_Directions for this task_: Take every line from the records below that includes the word "Grau".

_Information shown_:
<<<<
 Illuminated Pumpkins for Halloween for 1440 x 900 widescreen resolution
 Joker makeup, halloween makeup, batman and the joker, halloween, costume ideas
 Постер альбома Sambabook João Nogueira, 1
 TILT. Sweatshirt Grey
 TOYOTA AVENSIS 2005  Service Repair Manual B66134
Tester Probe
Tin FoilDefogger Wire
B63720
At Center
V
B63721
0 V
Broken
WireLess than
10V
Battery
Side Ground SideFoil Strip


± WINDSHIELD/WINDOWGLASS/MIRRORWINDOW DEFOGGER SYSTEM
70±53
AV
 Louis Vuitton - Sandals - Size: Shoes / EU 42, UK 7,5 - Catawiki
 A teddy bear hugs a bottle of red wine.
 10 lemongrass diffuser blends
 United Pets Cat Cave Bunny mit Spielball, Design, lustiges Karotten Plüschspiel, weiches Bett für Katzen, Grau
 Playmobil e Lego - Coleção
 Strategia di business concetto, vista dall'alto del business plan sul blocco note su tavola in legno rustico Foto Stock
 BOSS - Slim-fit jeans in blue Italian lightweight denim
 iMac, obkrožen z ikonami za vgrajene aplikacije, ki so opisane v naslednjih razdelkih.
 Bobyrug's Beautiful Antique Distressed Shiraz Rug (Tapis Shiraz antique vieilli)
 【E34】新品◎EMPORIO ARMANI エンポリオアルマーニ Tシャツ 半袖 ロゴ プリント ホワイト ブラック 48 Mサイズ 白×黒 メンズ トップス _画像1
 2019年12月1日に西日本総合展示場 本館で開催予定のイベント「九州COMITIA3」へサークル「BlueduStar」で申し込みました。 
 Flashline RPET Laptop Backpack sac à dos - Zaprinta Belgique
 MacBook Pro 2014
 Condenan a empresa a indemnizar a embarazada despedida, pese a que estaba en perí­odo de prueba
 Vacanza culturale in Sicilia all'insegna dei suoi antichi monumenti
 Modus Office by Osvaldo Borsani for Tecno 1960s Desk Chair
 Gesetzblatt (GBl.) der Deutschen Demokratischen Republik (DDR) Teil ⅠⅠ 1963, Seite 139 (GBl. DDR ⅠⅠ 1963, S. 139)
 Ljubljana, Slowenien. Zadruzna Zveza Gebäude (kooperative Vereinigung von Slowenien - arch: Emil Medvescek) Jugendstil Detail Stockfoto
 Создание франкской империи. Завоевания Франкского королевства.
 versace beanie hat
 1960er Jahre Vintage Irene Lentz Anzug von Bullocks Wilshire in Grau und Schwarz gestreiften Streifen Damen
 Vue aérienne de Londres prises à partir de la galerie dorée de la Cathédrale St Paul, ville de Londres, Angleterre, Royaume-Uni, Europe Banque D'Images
>>>>
_Reply to the exercise_:
 United Pets Cat Cave Bunny mit Spielball, Design, lustiges Karotten Plüschspiel, weiches Bett für Katzen, Grau
 1960er Jahre Vintage Irene Lentz Anzug von Bullocks Wilshire in Grau und Schwarz gestreiften Streifen Damen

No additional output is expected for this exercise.